Stereotype content was identified as a salient construct for enquiry due to racial stereotypes’ role in creating and maintaining ethnic and racial disparities in health care (van Ryn et al., 2011). In healthcare settings, stereotypes impact the perceptions and behaviours of both patients and clinicians. Stereotype activation, an automatic process in which awareness of relevant stereotypes is triggered during an interpersonal interaction, has been identified as a principal component of provider-mediated unconscious bias (Williams & Mohammed, 2013).

When people receive interpersonal or environmental signals, both explicit and implicit, that aspects of their perceivable identity (e.g. skin colour) could trigger negative judgments or mistreatment, the resulting psychological state is defined as ‘stereotype threat’ (Aronson, Burgess, Phelan, & Juarez, 2013). In healthcare interactions, stereotype threat influences clinician and patient behaviour. Clinician behaviours may trigger stereotype threat, which is likely to impact patient behaviours, which then influences clinicians’ subsequent behaviours (Aronson et al., 2013). The endorsement of negative stereotypes is understood to result in discrimination (Dovidio & Fiske, 2012).

A range of common stereotypes about Māori exist in broader New Zealand society (Sibley et al., 2011), and among health care professionals (McCreanor & Nairn, 2002). For example, Penney, Barnes, and McCreanor (2011) revealed a commonplace practice of stereotyping Māori patients as ‘non-compliant,’ a label with significant implications for the patient-provider relationship. Health professional education and training programmes can reinforce stereotypes and influence racial and ethnic bias among learners (Jones et al., 2019; van Ryn et al., 2015). The aim of the present study was to explore student perceptions of stereotype content in the University of Auckland’s FMHS health professional education environments’ characterisations of Māori. The primary research question was, ‘How do undergraduate nursing, pharmacy and medical students perceive characterisations of Māori in their educational environments?’

II. METHODS

A. Participants

A purposive sample of undergraduate nursing, pharmacy and medical students (N = 628) in the University of Auckland’s FMHS were invited to participate.

B. Procedure

Ethics approval for the study was obtained from the University of Auckland Human Participants Ethics Committee. Students were sent an email invitation one week prior to data collection via paper survey. The principal researcher visited each of the five student cohorts’ lectures during Semester One of the 2014 Academic Year to conduct the cross-sectional survey.

C. Measures

1) Stereotype content in learning environments:The questionnaire was based on the SCM (Fiske et al., 2002) and a New Zealand-based study examining societal stereotypes of Māori, Pacific Nations, Pākehā/European and Asian New Zealanders (Sibley et al., 2011).

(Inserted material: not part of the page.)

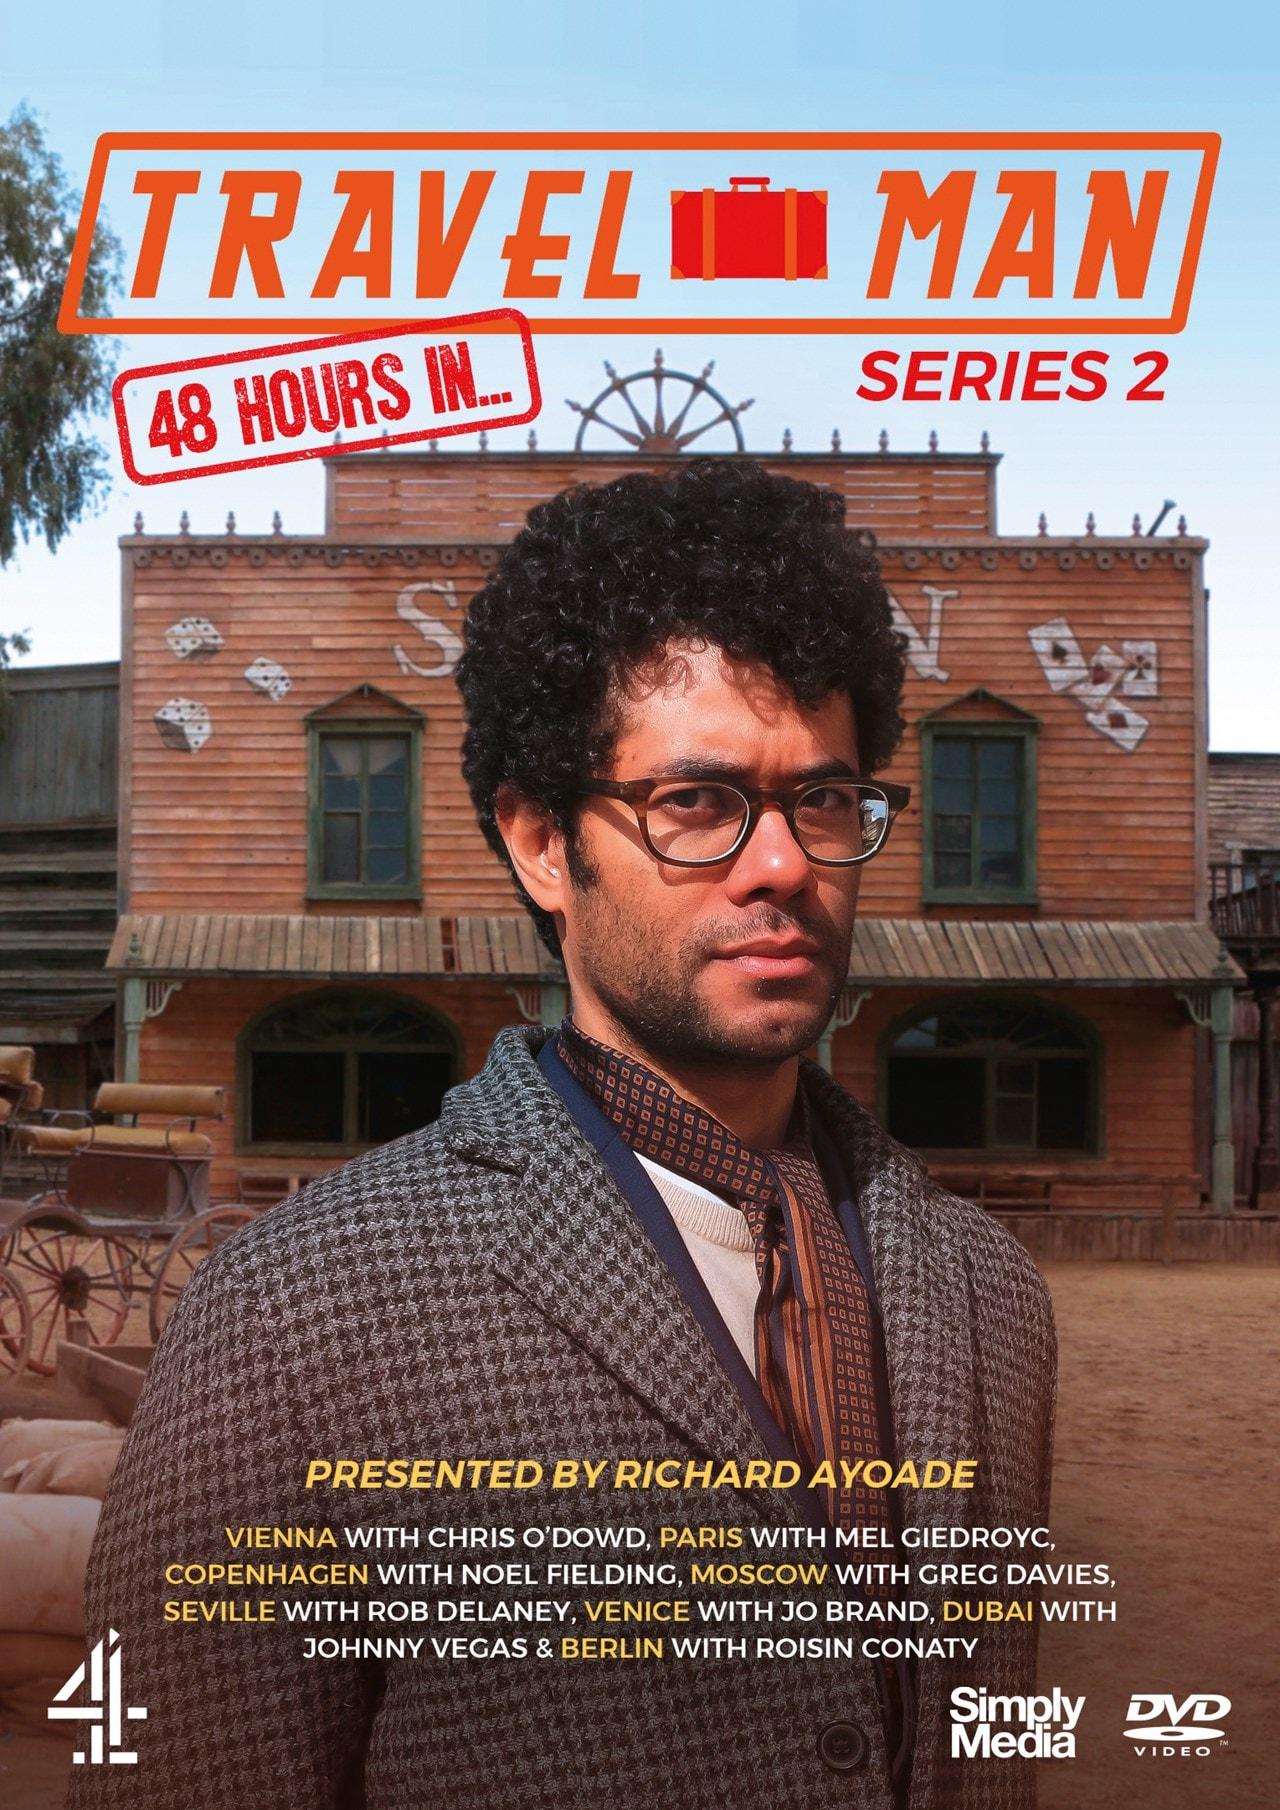 Travel Man: Series 2 - 1

The questionnaire was organised into four sections: 1) Māori New Zealanders, 2) Pacific Nations New Zealanders, 3) Asian New Zealanders, and 4) Pākeha/European New Zealanders. For each section, students were asked to complete eight stereotype content ratings on a five-point Likert scale of 1 (not at all) to 5 (extremely) that were presented in the following question stem:

How …(warm, likeable, sincere, good-natured, tolerant, competent, intelligent, confident) is this group, as characterised in your learning environments?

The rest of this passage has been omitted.